**Input data:**
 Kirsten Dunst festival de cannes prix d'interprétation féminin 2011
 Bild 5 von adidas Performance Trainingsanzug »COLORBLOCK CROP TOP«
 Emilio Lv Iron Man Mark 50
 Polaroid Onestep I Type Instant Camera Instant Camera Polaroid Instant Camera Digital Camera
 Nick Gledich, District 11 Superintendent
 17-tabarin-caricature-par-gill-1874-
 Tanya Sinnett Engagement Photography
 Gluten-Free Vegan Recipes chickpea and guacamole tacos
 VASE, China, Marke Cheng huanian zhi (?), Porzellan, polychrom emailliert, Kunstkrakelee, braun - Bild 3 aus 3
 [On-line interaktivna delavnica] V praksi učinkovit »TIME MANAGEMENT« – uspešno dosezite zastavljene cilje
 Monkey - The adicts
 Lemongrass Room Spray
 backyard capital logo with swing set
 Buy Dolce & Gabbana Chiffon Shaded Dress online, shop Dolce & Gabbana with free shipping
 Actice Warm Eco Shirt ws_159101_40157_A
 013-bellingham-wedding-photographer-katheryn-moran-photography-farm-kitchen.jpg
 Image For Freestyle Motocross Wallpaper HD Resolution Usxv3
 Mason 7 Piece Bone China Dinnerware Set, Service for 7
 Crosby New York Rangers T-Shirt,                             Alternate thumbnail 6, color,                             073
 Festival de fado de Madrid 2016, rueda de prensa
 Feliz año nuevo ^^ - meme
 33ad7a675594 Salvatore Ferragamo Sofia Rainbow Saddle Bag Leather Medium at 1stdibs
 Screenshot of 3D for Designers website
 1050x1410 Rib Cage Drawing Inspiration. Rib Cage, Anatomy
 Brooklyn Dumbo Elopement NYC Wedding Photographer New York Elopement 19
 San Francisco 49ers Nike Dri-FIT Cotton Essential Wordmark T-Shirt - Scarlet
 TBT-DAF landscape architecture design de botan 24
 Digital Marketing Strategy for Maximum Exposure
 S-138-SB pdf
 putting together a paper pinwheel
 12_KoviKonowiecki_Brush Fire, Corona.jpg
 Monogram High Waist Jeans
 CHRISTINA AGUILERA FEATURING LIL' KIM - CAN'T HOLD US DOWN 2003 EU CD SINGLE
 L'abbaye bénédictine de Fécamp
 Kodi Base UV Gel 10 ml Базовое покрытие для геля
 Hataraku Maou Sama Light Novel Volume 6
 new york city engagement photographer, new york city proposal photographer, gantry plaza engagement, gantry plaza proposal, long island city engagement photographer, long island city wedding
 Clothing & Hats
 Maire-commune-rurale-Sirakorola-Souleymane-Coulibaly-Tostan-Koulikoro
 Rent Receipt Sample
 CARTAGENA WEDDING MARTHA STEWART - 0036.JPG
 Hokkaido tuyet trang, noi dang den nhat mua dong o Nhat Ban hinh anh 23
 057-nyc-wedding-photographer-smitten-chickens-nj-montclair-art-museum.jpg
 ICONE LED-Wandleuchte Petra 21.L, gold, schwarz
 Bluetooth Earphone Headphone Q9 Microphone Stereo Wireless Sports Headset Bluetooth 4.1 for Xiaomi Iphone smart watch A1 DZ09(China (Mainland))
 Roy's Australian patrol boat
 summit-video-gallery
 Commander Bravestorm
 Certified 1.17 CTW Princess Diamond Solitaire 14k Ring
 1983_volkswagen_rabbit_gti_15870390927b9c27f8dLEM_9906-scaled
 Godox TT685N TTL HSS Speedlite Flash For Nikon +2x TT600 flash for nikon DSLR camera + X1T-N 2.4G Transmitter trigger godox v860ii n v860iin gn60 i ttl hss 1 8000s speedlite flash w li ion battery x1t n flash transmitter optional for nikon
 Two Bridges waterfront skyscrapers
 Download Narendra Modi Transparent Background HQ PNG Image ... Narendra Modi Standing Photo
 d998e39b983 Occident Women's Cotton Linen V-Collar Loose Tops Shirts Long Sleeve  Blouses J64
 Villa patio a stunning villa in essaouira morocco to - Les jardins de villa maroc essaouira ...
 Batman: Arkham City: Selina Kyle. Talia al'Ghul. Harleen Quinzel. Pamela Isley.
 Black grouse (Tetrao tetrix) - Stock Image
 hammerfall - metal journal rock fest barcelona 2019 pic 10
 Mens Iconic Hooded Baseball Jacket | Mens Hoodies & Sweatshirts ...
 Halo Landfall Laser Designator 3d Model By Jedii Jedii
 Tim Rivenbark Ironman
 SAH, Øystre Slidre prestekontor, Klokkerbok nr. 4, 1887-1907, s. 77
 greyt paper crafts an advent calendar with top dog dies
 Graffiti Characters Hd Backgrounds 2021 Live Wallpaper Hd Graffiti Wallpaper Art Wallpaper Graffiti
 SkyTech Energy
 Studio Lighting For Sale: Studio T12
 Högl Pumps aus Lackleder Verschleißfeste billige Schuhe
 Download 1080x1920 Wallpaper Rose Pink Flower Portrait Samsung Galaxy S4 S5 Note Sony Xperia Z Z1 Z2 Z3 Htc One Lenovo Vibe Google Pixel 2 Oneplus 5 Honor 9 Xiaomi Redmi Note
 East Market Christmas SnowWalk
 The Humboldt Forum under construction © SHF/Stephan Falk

**Aim of the exercise:**
Matching lines for the string "Image": work out how many the records contain and write only the number.

**Expected answer:**
3